Le patrimoine de l’ancien royaume du Bénin disponible sur internet

131 musées dans vingt pays ont travaillé durant quatre ans en commun pour présenter une banque de données numérique sans précédent. Le site internet digitalbenin.org lancé mercredi 9 novembre rassemble plus de 5 000 objets d’art originaires du royaume du Bénin et disséminés dans le monde depuis les pillages de l’armée britannique en 1897.

Osaisonor Godfrey Ekhator-Obogie fait une longue pause alors que la parole vient de lui être donnée. Le Nigérian, qui a consacré sa carrière au patrimoine de son pays et plus spécialement à l’héritage du royaume du Bénin, a du mal à retenir ses larmes.

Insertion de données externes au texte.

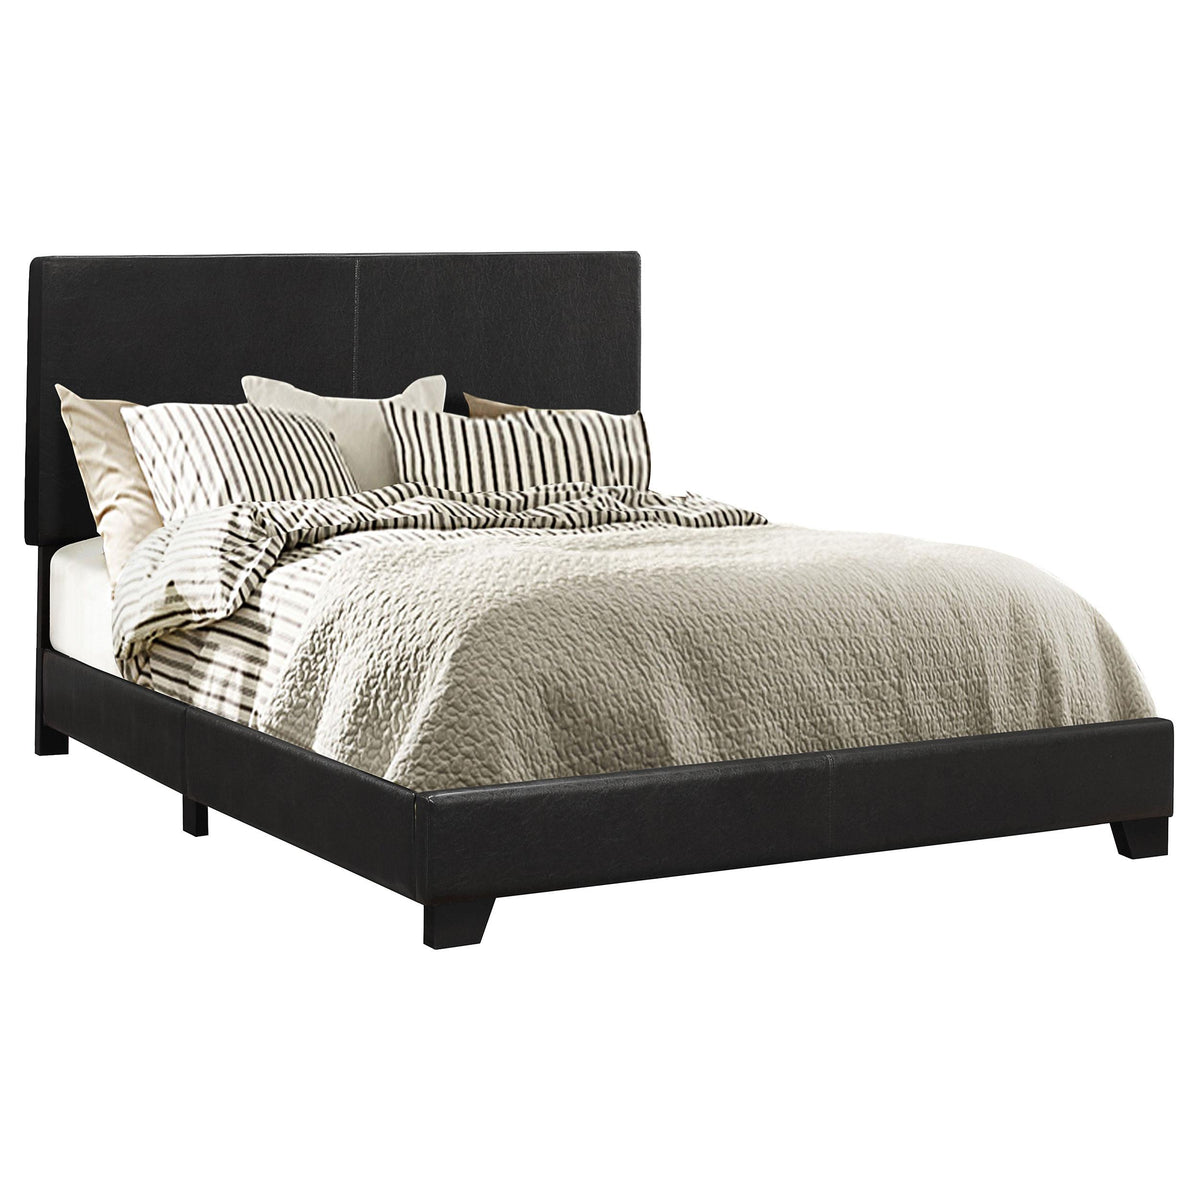 Dorian Upholstered Eastern King Bed Black  Half Price Furniture

Il participe avec d’autres chercheurs à la conférence de presse qui présente à Berlin la nouvelle plateforme Digital Benin.

Le Nigérian salue la création d’un musée vivant qui doit permettre aux jeunes générations dans son pays de connaître la richesse de leur propre civilisation : « Cette plateforme nous permet de réfléchir différemment sur notre passé et notre culture. Ces œuvres d’art sont perçues comme des objets à l’Ouest. Chez nous, il s’agit de notre histoire ».

Cette initiative sans précédent a plusieurs origines. D’abord, le pillage commis par les forces britanniques en 1897 au royaume du Bénin avait une dimension massive. Ensuite, ces œuvres d’art font partie de l’héritage culturel mondial et sont dispersées aujourd’hui dans de nombreux pays. Enfin, leur caractère emblématique a focalisé ces dernières années, notamment en Allemagne, les débats autour des restitutions aux pays d’origine.

Un millier d’œuvres rétrocédés au Nigeria en 2022
La directrice du musée ethnologique de Hambourg, le MARKK, Barbara Plankensteiner, le rappelle : « La création en 2010 du Benin Dialogue Group réunissant des musées européens et les responsables de Benin City a permis de nouer des liens sans lesquels la nouvelle plateforme aurait été plus difficile à mettre en place ». Le musée de Hambourg a joué un rôle central dans les débats sur les restitutions qui ont conduit cet été à la rétrocession d’un millier d’œuvres du royaume du Bénin présentes dans différents musées allemands au Nigeria.

L’idée au départ était bien plus modeste : il s’agissait de faire un inventaire des objets se trouvant au musée de Hambourg. Le soutien de la fondation Siemens avec 1,5 million d’euros a permis de financer le travail en commun, les recherches et la création d’une banque de données inédite présentée cette semaine après quatre ans de préparation.

Un site avec 12 000 photos
Le nouveau site internet répertorie plus de 5 000 œuvres dispersées dans 131 musées en Europe, mais aussi aux États-Unis, en Australie ou en Israël. 12 000 photos sont présentées, certaines en 3D. Le visiteur dispose pour ses recherches de multiples filtres, en anglais ou en édo, selon la taille, la dimension, le poids, les inscriptions figurant sur les objets, le pays, la ville ou le musée où ils se trouvent.

On peut apprendre d’où venait exactement l’œuvre au départ, quelle était le cas échéant sa portée religieuse, quel Britannique l’a ramenée en Europe, quelles étapes l’ont menées jusqu’à son lieu de conservation actuel. Une carte historique du royaume du Bénin et des lieux où se trouvaient les objets comme une carte du monde recensant les musées les abritant aujourd’hui complètent le site. La section « oral history » (histoire orale, en français), réalisée grâce aux partenaires nigérians, permet d’entendre des témoignages sur cet héritage, son importance et sa signification.

Un savoir dispersé
La plateforme permet de partager un savoir aujourd’hui dispersé, pour les personnes dont il constitue le patrimoine historique, mais au-delà pour le grand public comme pour les chercheurs. « Voir ses 900 reliefs du palais royal du Bénin, tous photographiés sur cette plateforme, et maintenant dans de nombreux pays, c’est très émouvant », confie Barbara Plankensteiner. Les experts estiment que 99% des objets originaires du royaume du Bénin sont répertoriés sur cette plateforme. Des corrections et des rajouts auront lieu sur un site dynamique. Des objets provenant de collections privées sont régulièrement mis en vente. D’autres se révèlent être des copies.

La plateforme digitalbenin.org doit à l’avenir être gérée par le Nigeria directement. Un transfert de savoirs qui doit accompagner de nombreuses restitutions d’œuvres d’art.